Someone like her William. He was… what the folk song might call cotton-eyed, she supposed. Not because he was moonshine-blind or anything like that, but rather the shocking contrast between the whites of his eyes and the rest of him. (There was a reason he was only a mess attendant, and wouldn't advance beyond that role.)

Back in her early days, she served alongside ships that still had to be coaled, the old-fashioned way. They had their own sort of cotton-eyed men after, but thankfully, it wasn't permanent. (Both the dust, and running on coal. That unfortunate fate was mostly saved for cargo steamers.) Despite the rumors about her, she wasn't quite desperate enough to bed a man covered head to toe in dust.

The rumors… well, she supposed they made a certain sort of sense. Idaho didn't do coy. She wanted what she wanted, and if anyone took issue with that, they could take issue with her fourteen inches. For some reason, she made a lot of men insecure. They felt like they had regain control of the ship (of her). Even those exceedingly generous, incredibly accepting souls who could recognize her as an equal partner in the operation of her own ship still saw her as a woman.

For the most part, her officers were gentlemen. She supposed them opening doors and all those other little courtesies were nice, but they tended, as a rule, to be wildly uncomfortable if she started acting flirty. Other than it just being quite entertaining to watch them stutter and look for a way to extricate them from the situation, it was occasionally useful as a tool to spook them a bit.

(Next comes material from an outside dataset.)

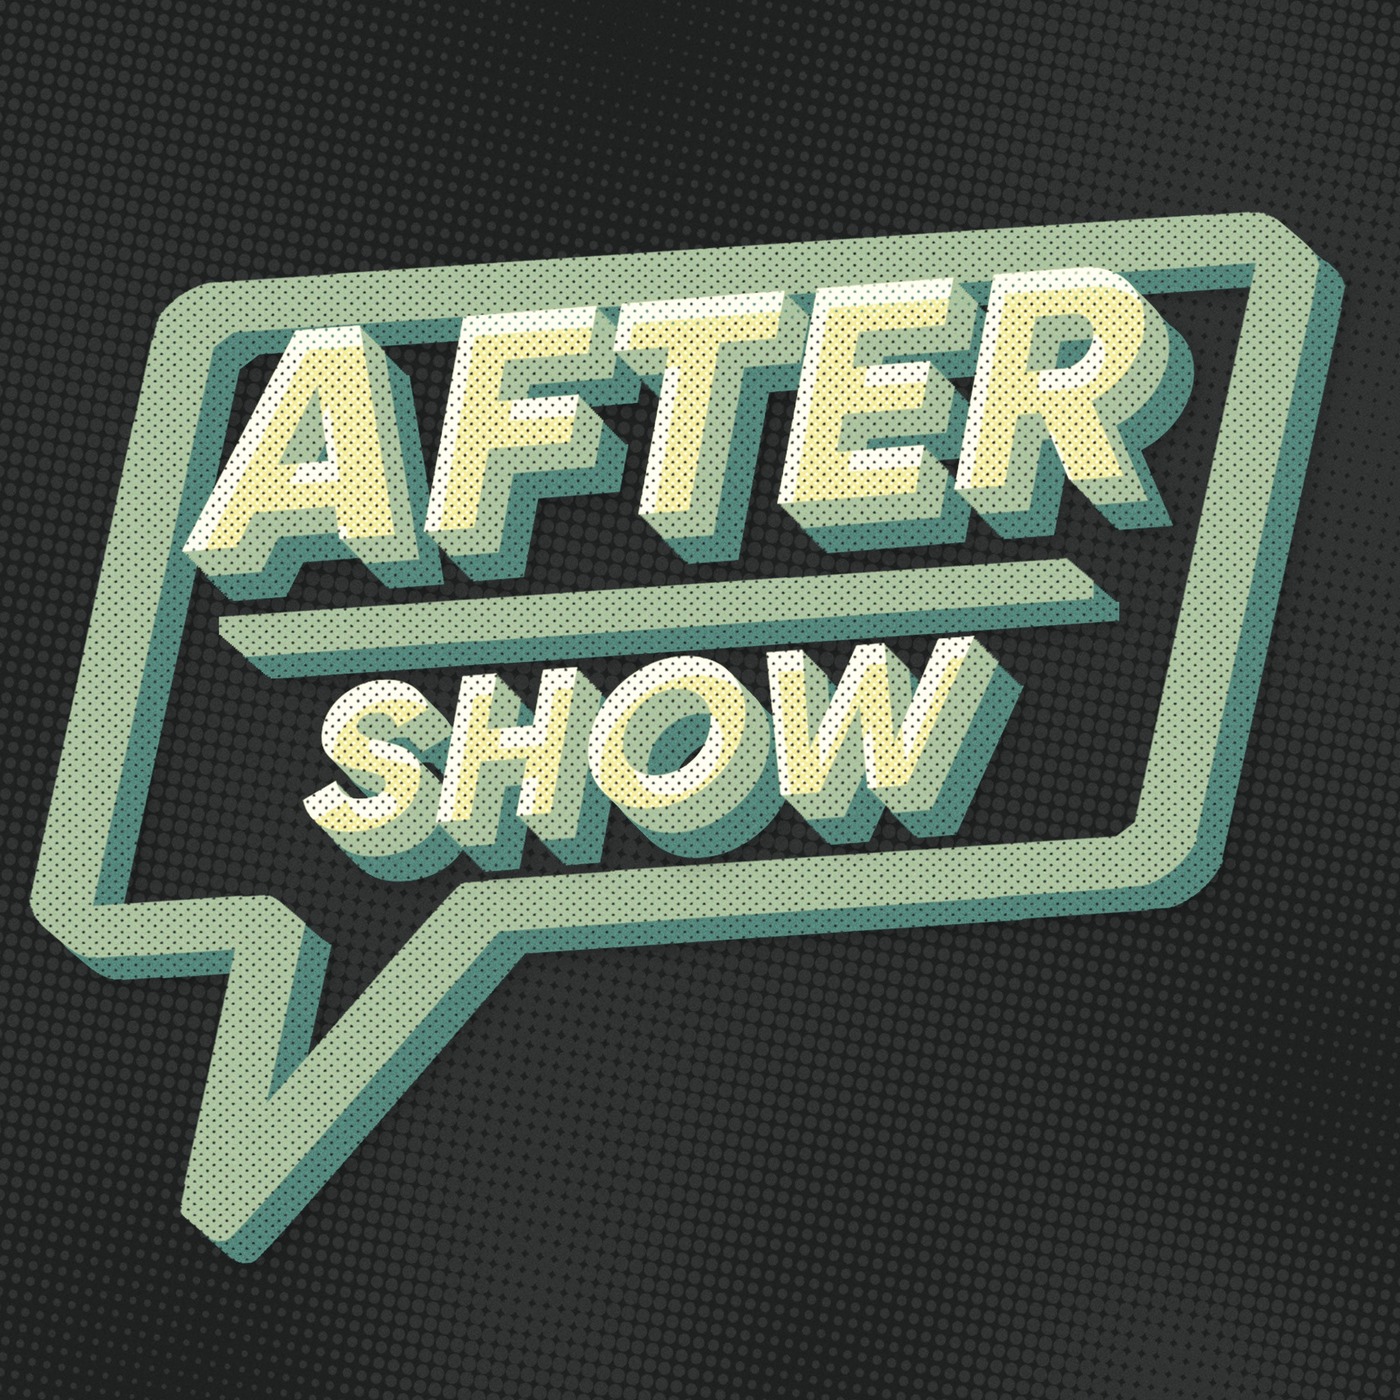 Andor Episode 10 Aftershow

Don't get it twisted, though. Sex and all the stigma around it weren't just some tool she used to prod her officers. She did, occasionally, but quite honestly, she just liked sex. It was fun. Despite the way she acted, it was also something she could control. The other ancient coping mechanism her comrades preferred, booze… wasn't really workable for her, at least not now. She wasn't intolerant, she didn't think – no headaches, no sickness, no vivid flush – but she was a terrible lightweight.

Urgh, she was sounding like a killjoy, wasn't she? There were times she enjoyed being drunk, she just had to mind when she drank. Admittedly, Idaho wasn't the sort of girl that came to mind when you thought moderation – Constitution seemed the sort, all health checks and balances – but she understood the idea. Not everybody lived (or loved) at her pace, and that was understandable.

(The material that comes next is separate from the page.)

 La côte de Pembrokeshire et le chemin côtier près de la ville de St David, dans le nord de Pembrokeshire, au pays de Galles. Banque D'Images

Speaking of, William was stirring. Maybe she could… help him?

He… ah, got up. Heh. "Idaho?" He mumbled.

"Good morning, William." She had always liked his eyes. Compared to hers, they were plain, normal brown, but they were expressive. They had seen a different world, or something almost like it: civilian life.

"How long do we have?" He asked, fumbling for his clothes in the dark. She passed him his pants (did the redness of her eyes come along with night vision? She didn't know what his eyes saw) and then reached for her own clothes.

Her eyes traced the muscles of his back as he stood up. From what he had told her, he built those up in a series of short-term jobs. That muscle was his livelihood before the war, although that livelihood was a meager one, hopping from one uncertain stream of income to another.

Last hired, first fired, with swarms of unemployed white workers jockeying for the same jobs…. It was a rough time, even after the oh-so-tolerant unions (and many others, admittedly) gave a lot of Mexican labor a one-way ticket over the border.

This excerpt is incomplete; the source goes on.